*DATA SUPPLIED:*
***

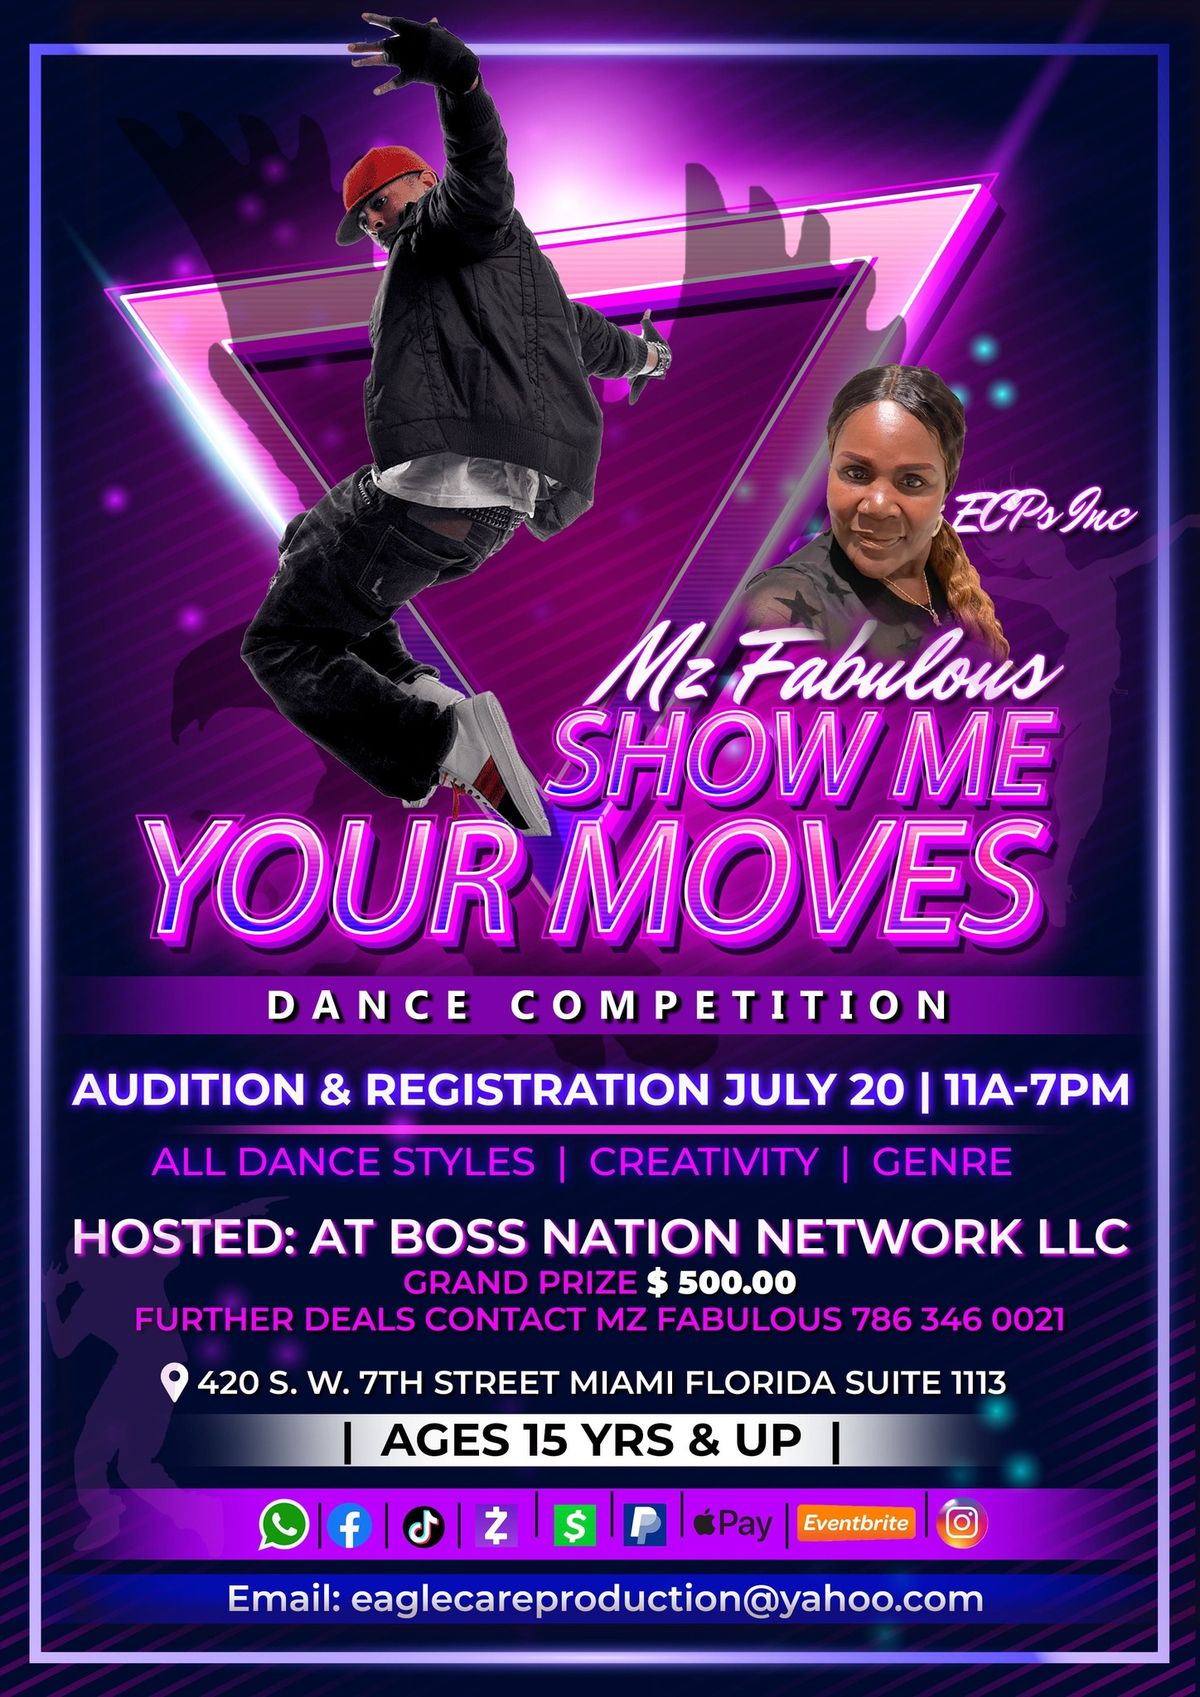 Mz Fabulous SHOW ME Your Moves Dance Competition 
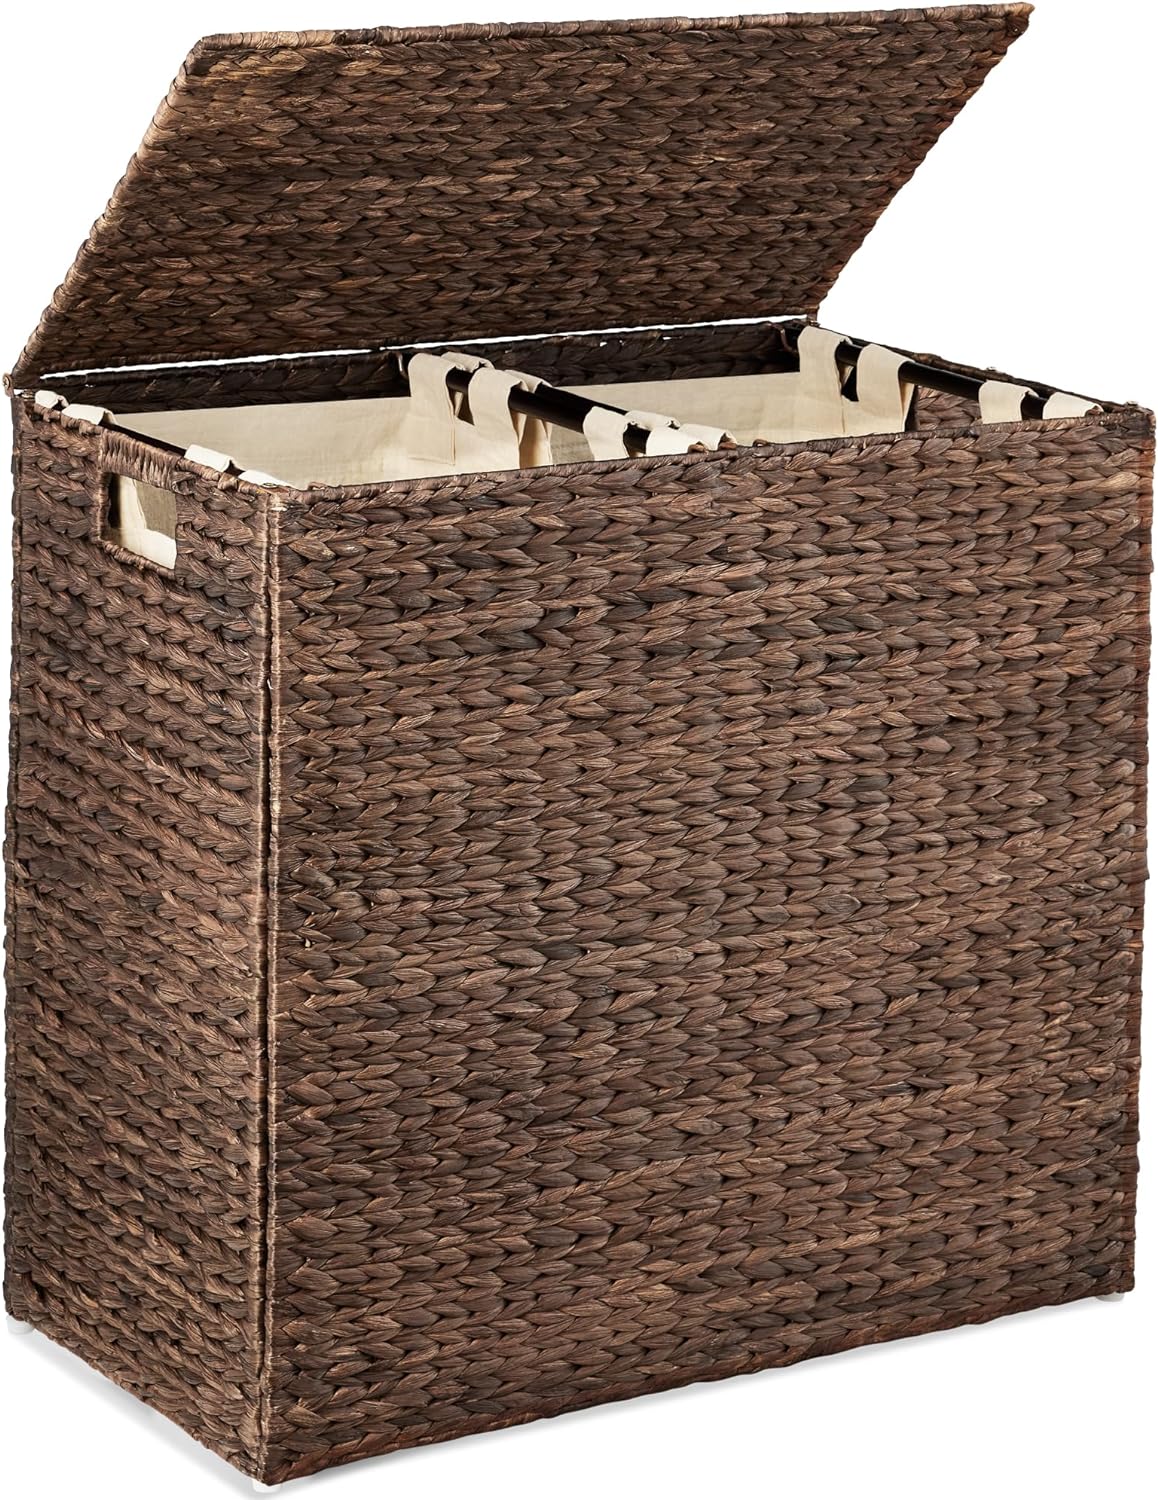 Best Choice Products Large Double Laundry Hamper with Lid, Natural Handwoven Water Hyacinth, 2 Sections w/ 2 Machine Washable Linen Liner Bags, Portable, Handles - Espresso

***

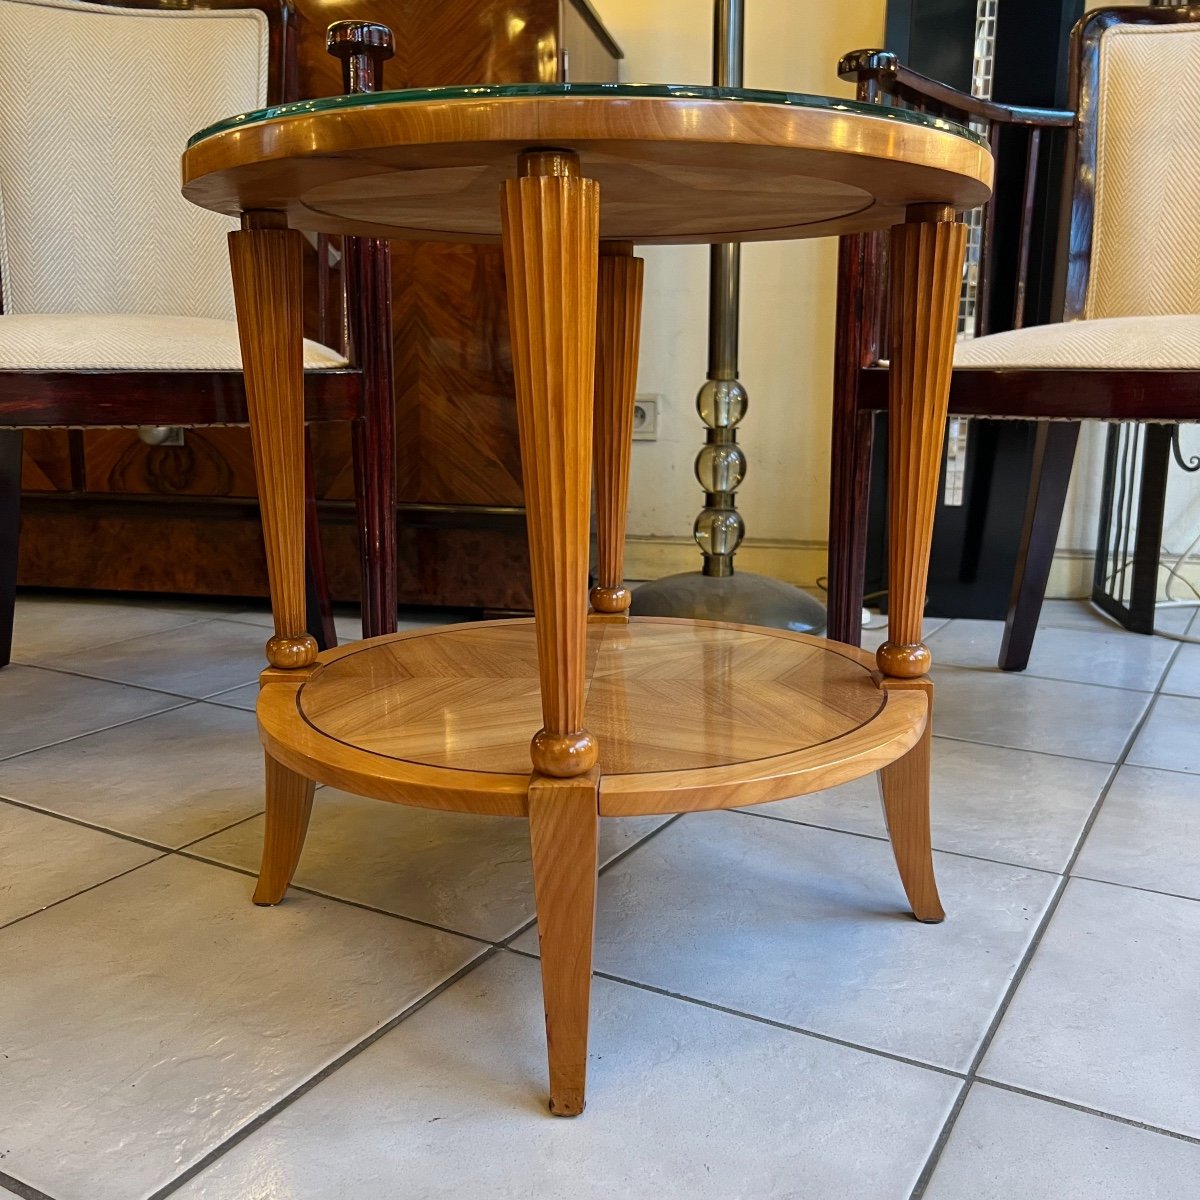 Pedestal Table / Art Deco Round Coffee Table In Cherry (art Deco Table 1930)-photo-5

***

*WHAT YOU SHOULD DO:*
Begin at the line in the entries above that has "Mz Fabulous SHOW", stop after the line that has "Best Choice Products", and output exactly those lines without pictures.

*YOUR RESPONSE:*
 Mz Fabulous SHOW ME Your Moves Dance Competition 
 Best Choice Products Large Double Laundry Hamper with Lid, Natural Handwoven Water Hyacinth, 2 Sections w/ 2 Machine Washable Linen Liner Bags, Portable, Handles - Espresso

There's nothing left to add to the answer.